We were very sorry to hear of the death of our long-standing member Mrs Silcock on 23rd February. Mary Rose held fundraising events on behalf of the Society in the 1980s, and was also a stalwart member of our team of Newsletter deliverers. Our condolences go to her family.

A NEW LIFE FOR GATEACRE CHAPEL HALL Gateacre Chapel Hall in Sandfield Road was built in 1897 to house the Sunday School of the Unitarian Chapel, and served as a venue for community events (including our own meetings) for many years. In 2009 the Chapel trustees decided to sell the building, and it was auctioned off last September. Now the new owners - Silvano & Doran Developments - have submitted a planning application (ref.10F/0581) to turn it into two dwellings, accessed from Dale Mews. If planning permission is granted, the interior of the building will be transformed, the roof space being utilised and dormer windows being inserted to provide 4 bedrooms for each of the dwellings. The applicant’s declared aim, however, is to preserve the external character of the building and its Victorian architectural details. Parking spaces for four cars will be created, behind gates, off Dale Mews, the gate piers being relocated from the existing pedestrian access in Sandfield Road where the sandstone wall will be extended to fill the gap. Any comments on the planning application should be sent to Ms Sheridan Scott, Development Control Division, Liverpool City Council, Municipal Buildings, Dale Street, Liverpool L2 2DH. (The official deadline for comments is 16th April; phone 0151 233 3021 for further information).

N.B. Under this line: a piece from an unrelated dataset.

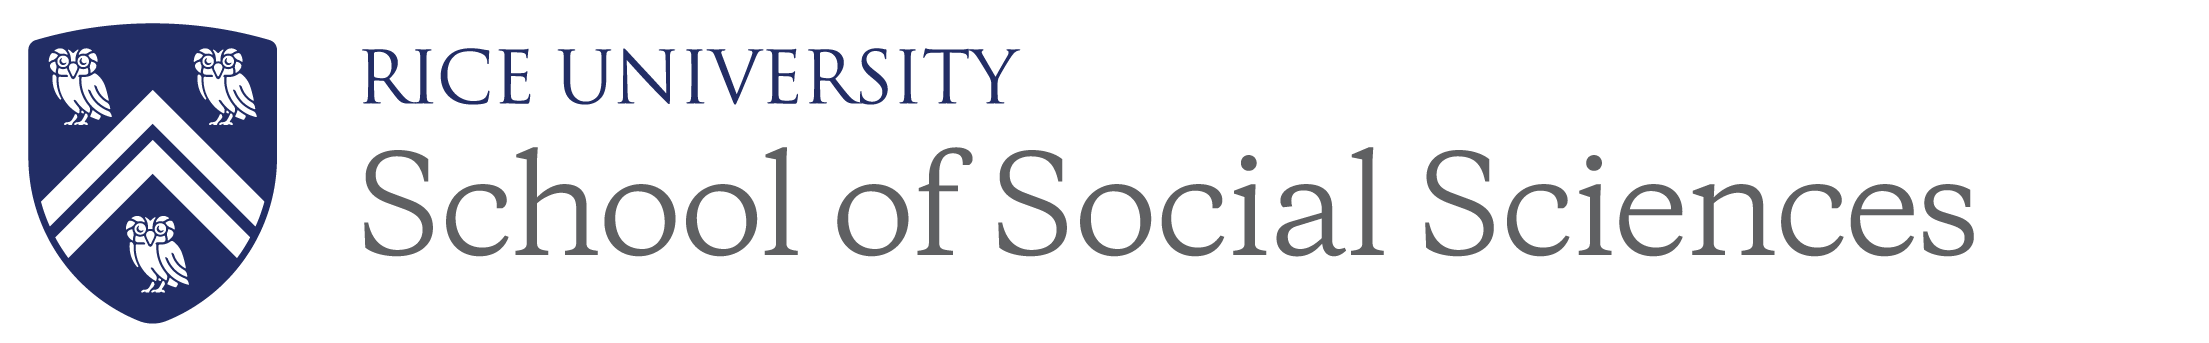 Rice University School of Social Sciences

GATEACRE IN BLOOM 2010 The Friends of Gateacre - winners of the ‘Best Small Village’ award in North West in Bloom 2009 - have reluctantly decided not to take part in the event this year. But this does not mean that Gateacre will not be blooming! Instead of concentrating their limited resources on preparing for a summer ‘judgement day’, the small band of volunteers who comprise the Friends will be aiming to bring colour to the village throughout the year. The spring planting has already begun, and the first of this year’s Clean-up events has been organised. Anyone who would like to help is invited to contact Terri Holcroft on 421 0329 and to attend the Friends’ A.G.M. at the Gateacre Institute, Grange Lane, at 7.15pm on Wednesday 19th May.

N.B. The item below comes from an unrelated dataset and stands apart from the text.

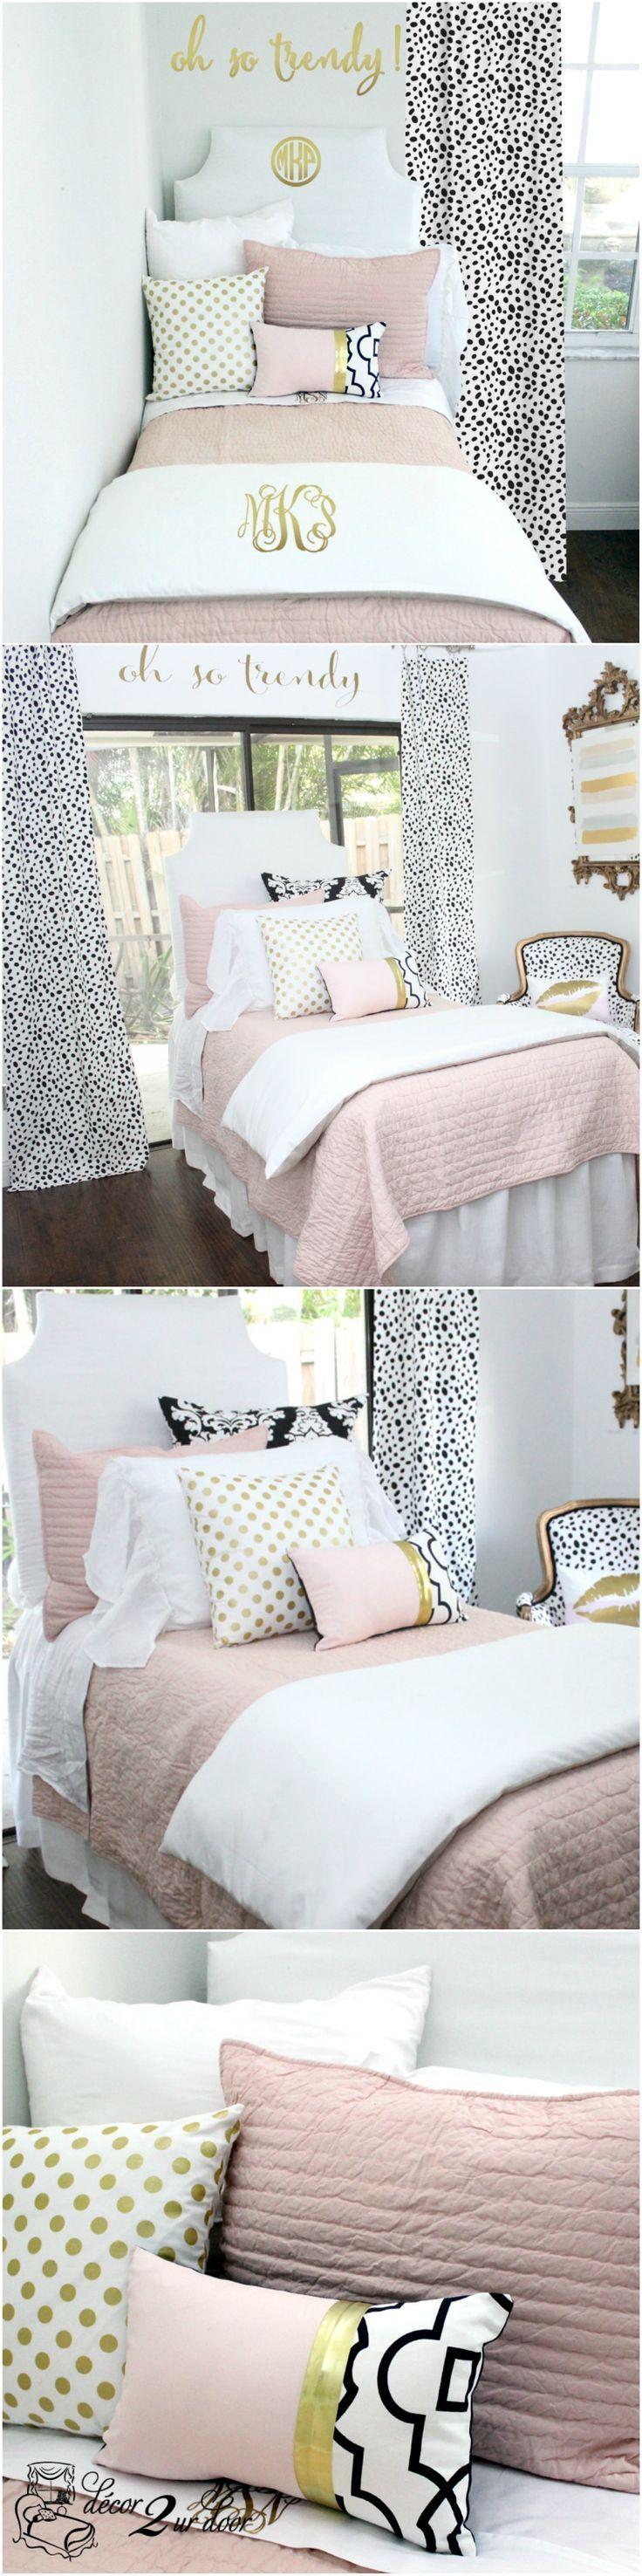 Ucf Dorm Room Bedding

A ‘CIVIC VOICE’ IS BORN As reported in our May 2009 Newsletter, the Civic Trust - the national charity with which the Gateacre Society had long been associated - went into administration a year ago. The steps being taken to create a new national body, to represent and assist local civic societies such as ours, were discussed at our A.G.M. in October. That new body is being launched on 17th April, and the name chosen is ‘Civic Voice’. The Society’s Committee has decided to join Civic Voice, at least for its first year of operation, in order to give the new organisation a chance to become established and demonstrate what it can do for us. The cost for this first year is £1.50 per Society member (which is being met out of our accumulated funds, including the substantial book sales income of the past few months) but next year - if we decide to continue our membership - this will rise to £2 per head. There will be some specific benefits to Gateacre Society members - for example each member will be entitled to receive a free one-day admission pass to any National Trust property of their choice details of which will be circulated in due course.